Slow isn't the goal - just remember that. Collection and balance is the goal.
Get up and jog around your room at a natural, steady pace. Imagine that is the canter of a hunter horse. Forward moving, ground covering, and doesn't take an extended amount of energy to travel long distances (which is why people jog and not run for exercise). Now, jog some more, but imagine jogging in slow motion. You have to support your weight on your one leg, slightly bent, all while keeping good posture etc. This is what you're going to ask your horse to do. Going slow is HARD, it take muscle and tires them out much more that going at a nice easy pace. This is of course, if you're going to as them to lope correctly and not just trop around. So, you can't expect your horse to lope slow right off the bat, they have to develop the muscle and they have to be willing to do it - because after all, if you're going to show western - you'll more than likely have to have drape in your reins if you want to pin. So going slow can't be an uncomfortable or regretted thing for your horse - he should enjoy it to an extent and be comfortable preforming it.
Compare these two lopes:
(will start loping at approx 1:40)
The first lope is choppy and quick and the horse doesn't look like he's happy at all. His body is stiff in every way and he's not supporting himself on the hind end. If you watch his inside hind leg, what the hock and how far it drives under his body - not far at all. This shows that he shallow in his hind end and thus not rocked back and lifting the front end. Because he's heavy in the front, he must compensate and quickly "pedal" his forlegs to catch himself. If I was working with this horse and rider, personally I would put the horse in a smooth snaffle and simply get the horse's natural cadence and suspension back back asking him to preform that nice, "easy" canter (like you jogging around the room) and get that swing back in his hip (and thus, he must release the tension in his back) and allow the front end to lighten naturally and give him the ability to stretch his shoulders and get that "sweeping" front leg we light to see. That would be the building blocks to a good lope - you have to go 'fast' to go slow.

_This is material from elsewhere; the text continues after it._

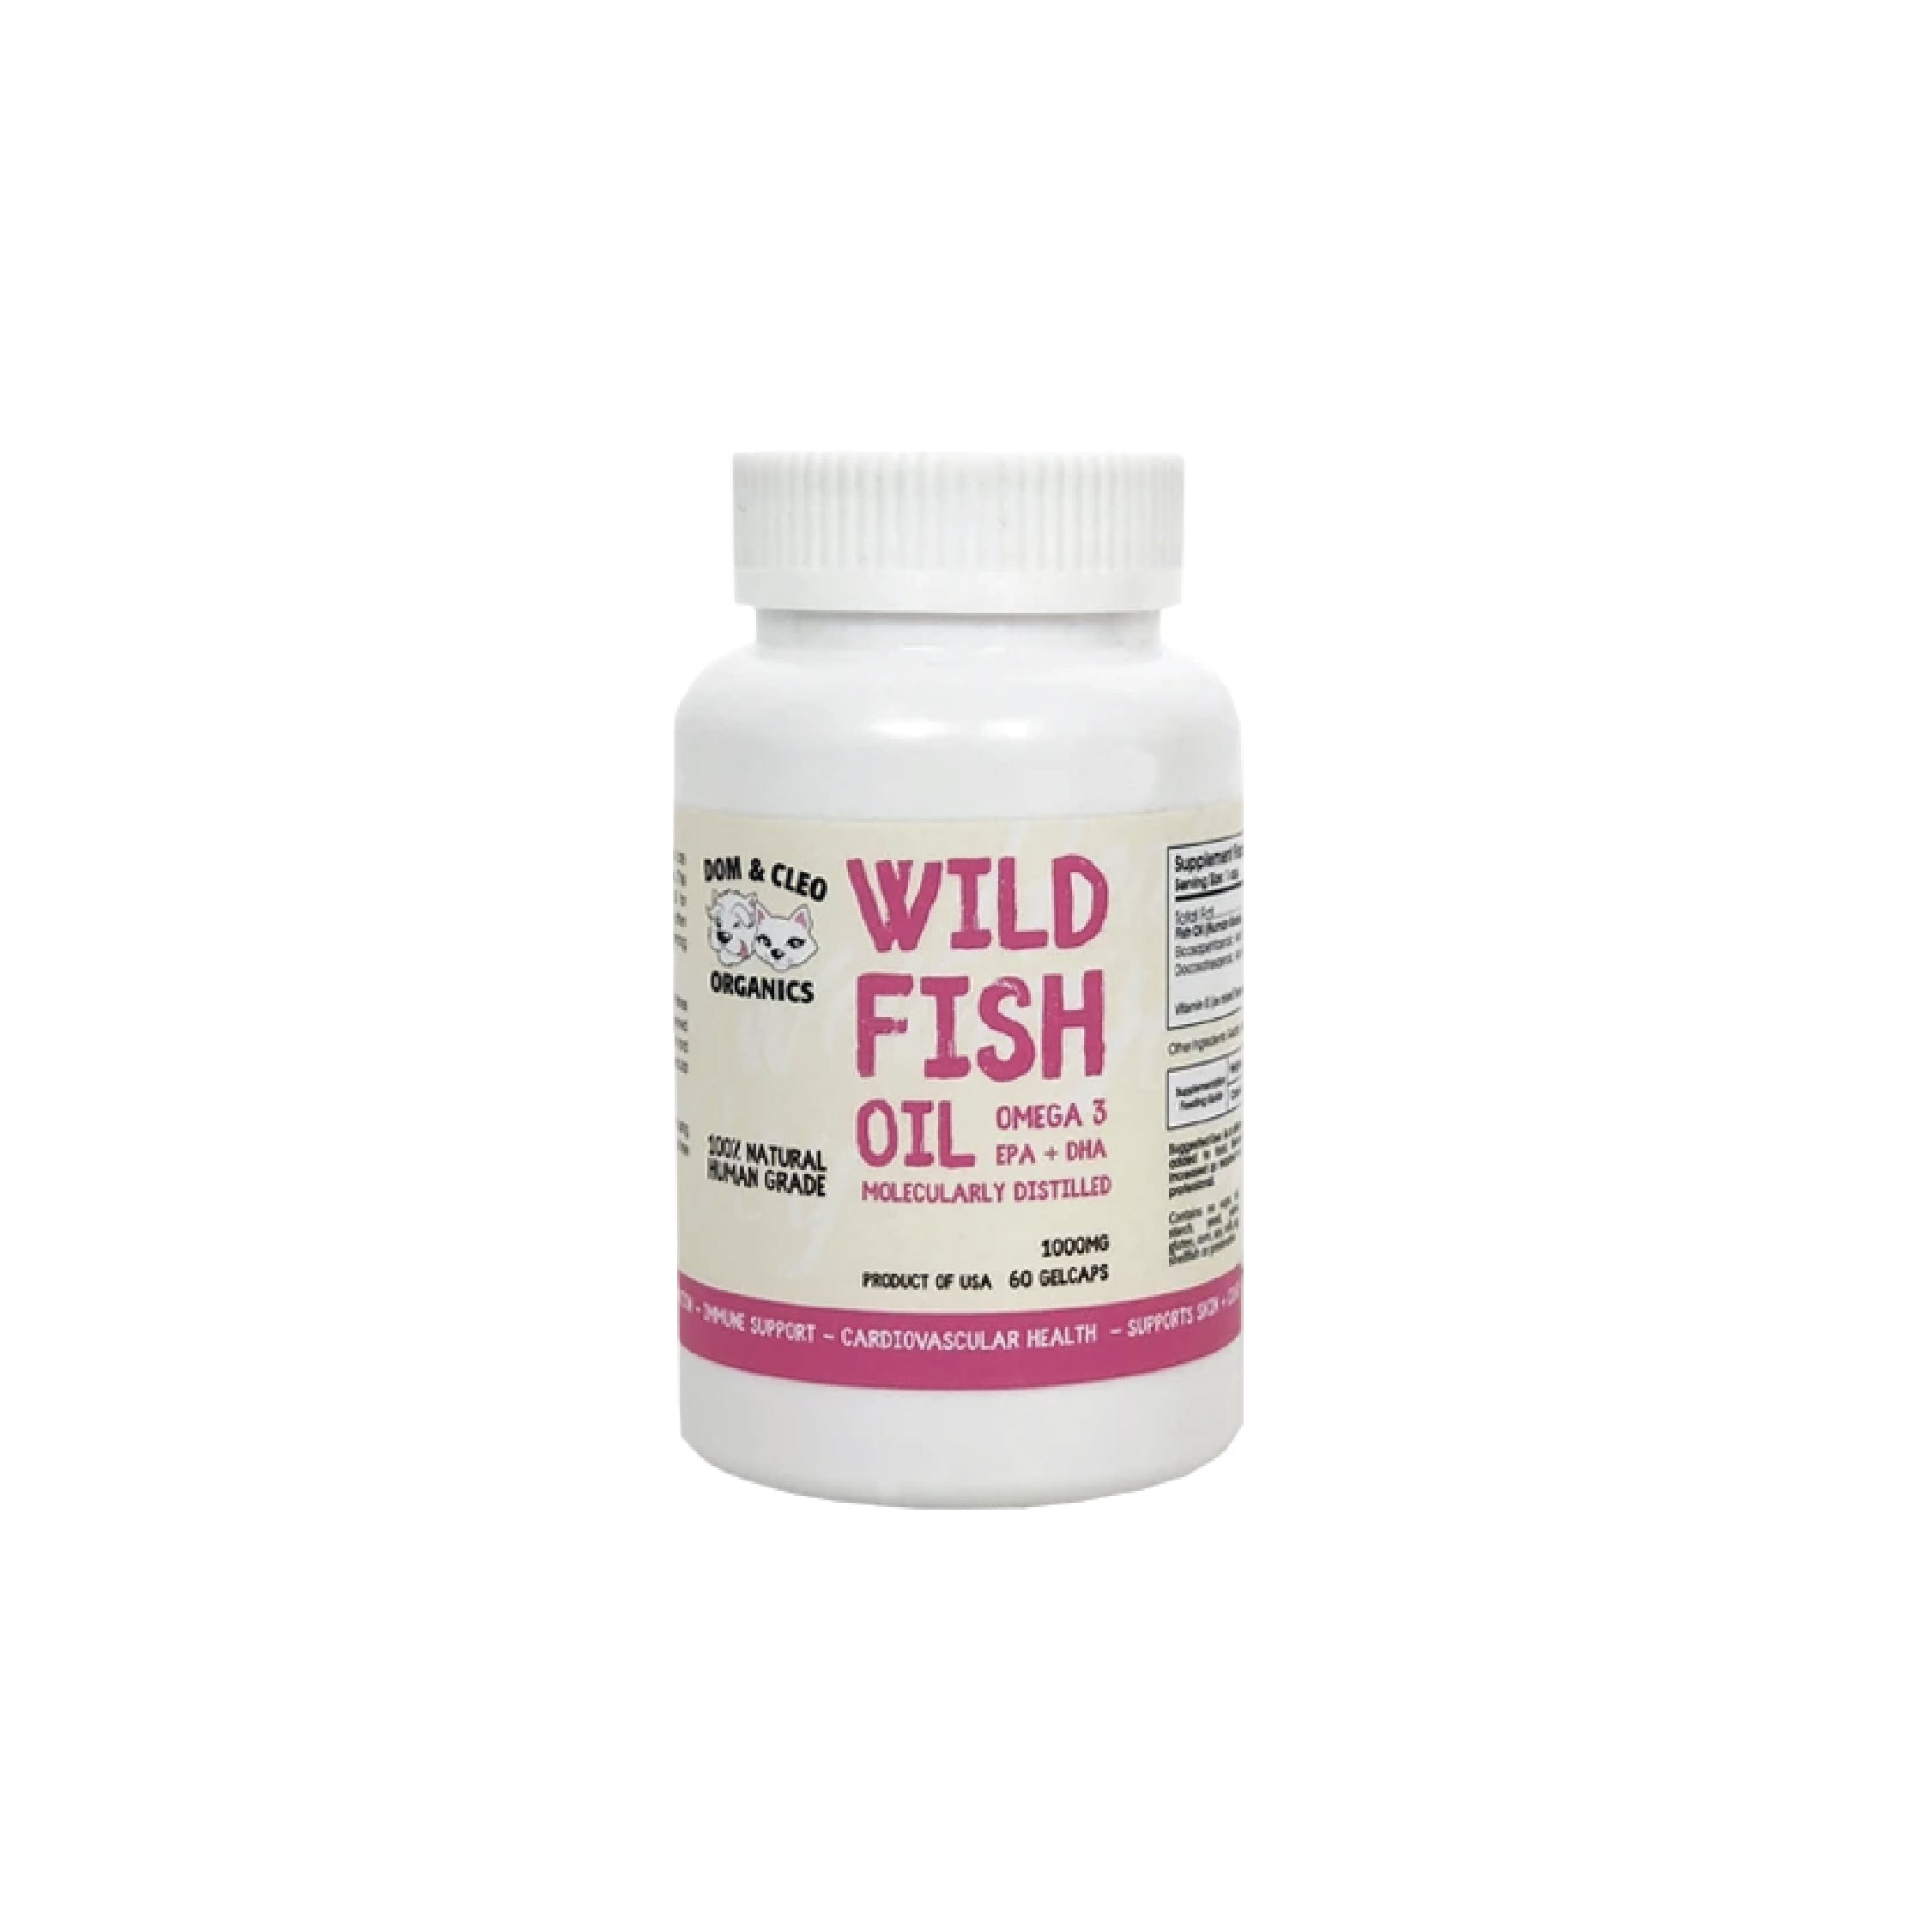 Dom & Cleo Wild Fish Oil Pet Supplements (60caps)

Now, appreciate the second video. This horse is obviously a good mover, but beyond that you can see that he WANTS to go the pace he's at and that's because his trainers have set him up physically to be able to preform it with ease. Watch the tempo of his legs, they are much "slower" than compared with the previous video and swing easily and the horse can sweep across the arena. This is a good lope - the lope you should strive for.
Now, to start - does your horse move at all gaits with a relaxed back? If no - then there's no point and going any further. You should be able to walk, trot, and canter with only soft feel of his mouth and he should travel at a consistent, relaxed pace. His natural pace. Until he is consistent under saddle at his natural, comfortable pace, you're never going to be able to make his comfortable at an unnatural pace. If he is relaxed, start adding lateral work to build up back muscle and make him lift his abdomen and then at the walk and jog ask him to start moving his shoulders/hip independently. This all will set him up to lope quietly and relaxed.